-- Records provided follows --
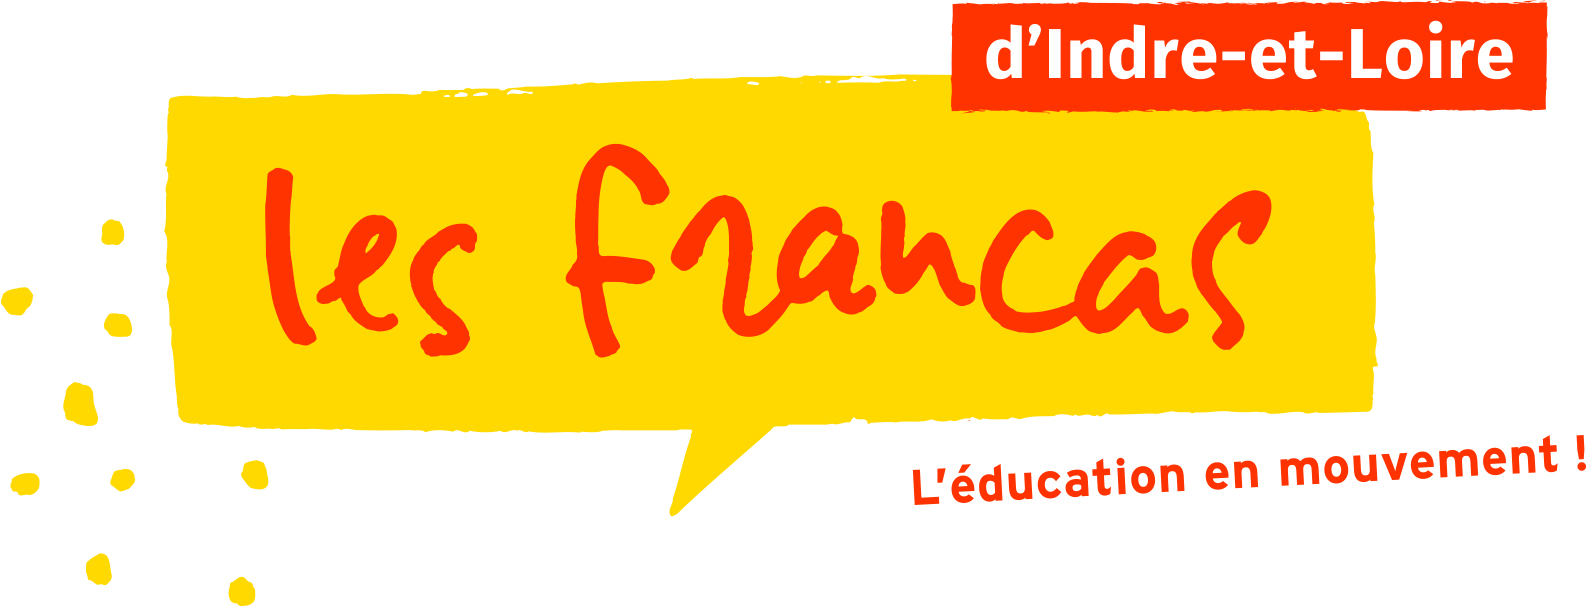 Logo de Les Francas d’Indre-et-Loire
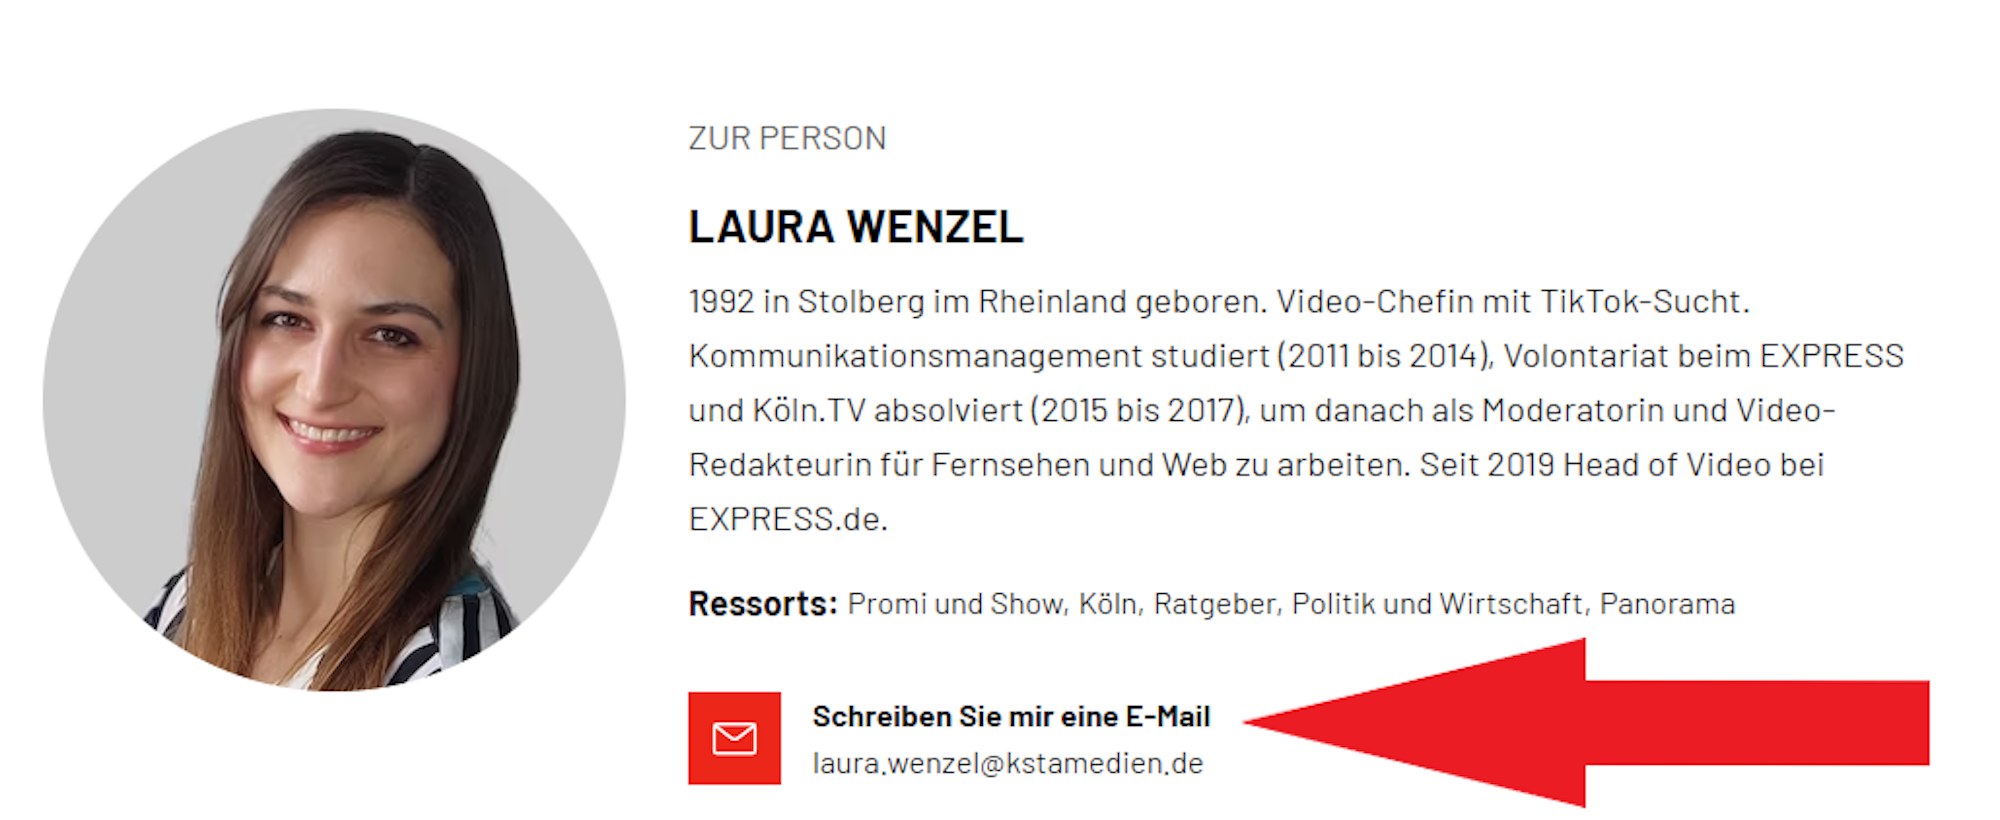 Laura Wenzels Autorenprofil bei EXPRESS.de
-- Records provided concluded --
-- Records provided follows --
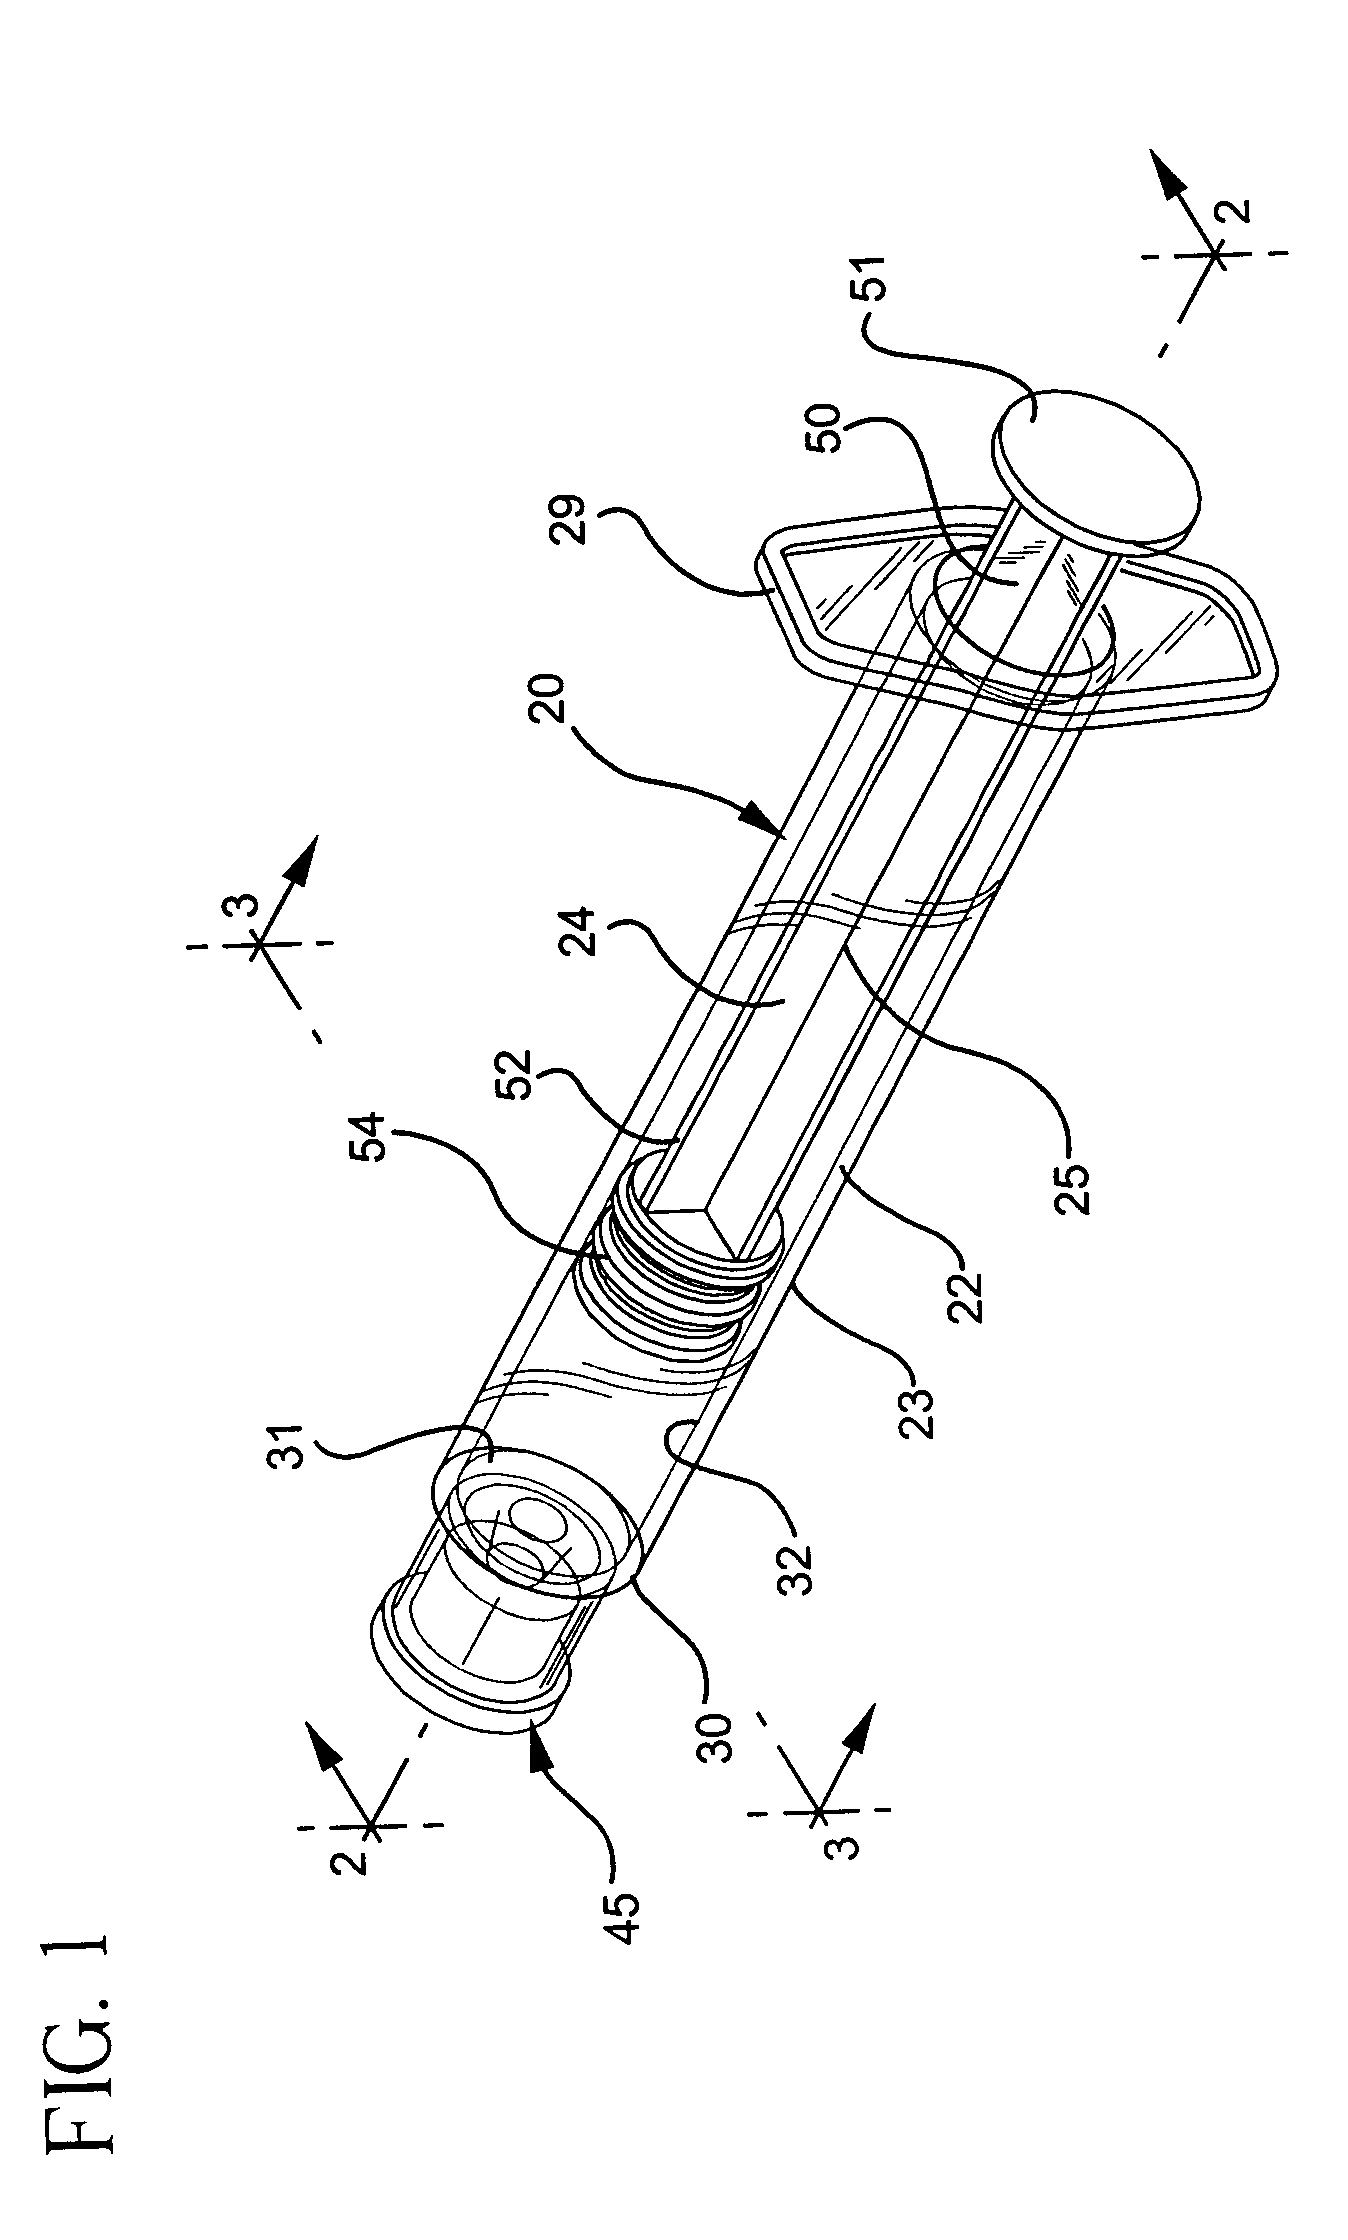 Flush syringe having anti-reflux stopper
-- Records provided concluded --
-- Records provided follows --
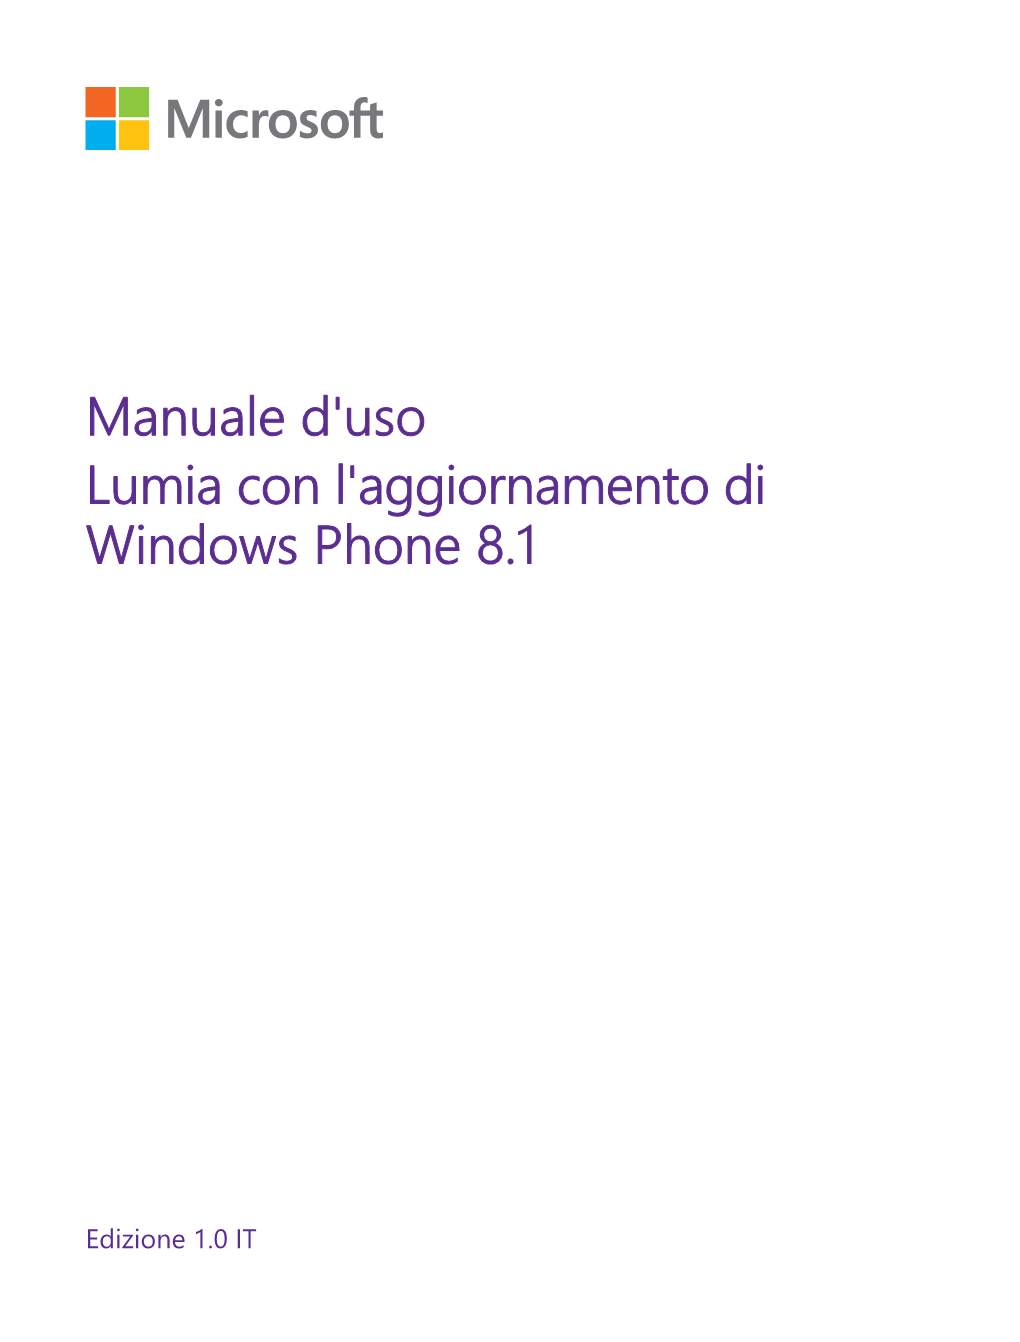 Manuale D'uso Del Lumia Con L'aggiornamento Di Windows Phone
-- Records provided concluded --
**The task:** What to print is the stretch of entries from the line with "Logo de Les Francas d’Indre-et-Loire" up to and including the line with "Laura Wenzels Autorenprofil bei EXPRESS.de". Please print it exactly and leave out the pictures.

**Solution to this task:**
 Logo de Les Francas d’Indre-et-Loire
 Laura Wenzels Autorenprofil bei EXPRESS.de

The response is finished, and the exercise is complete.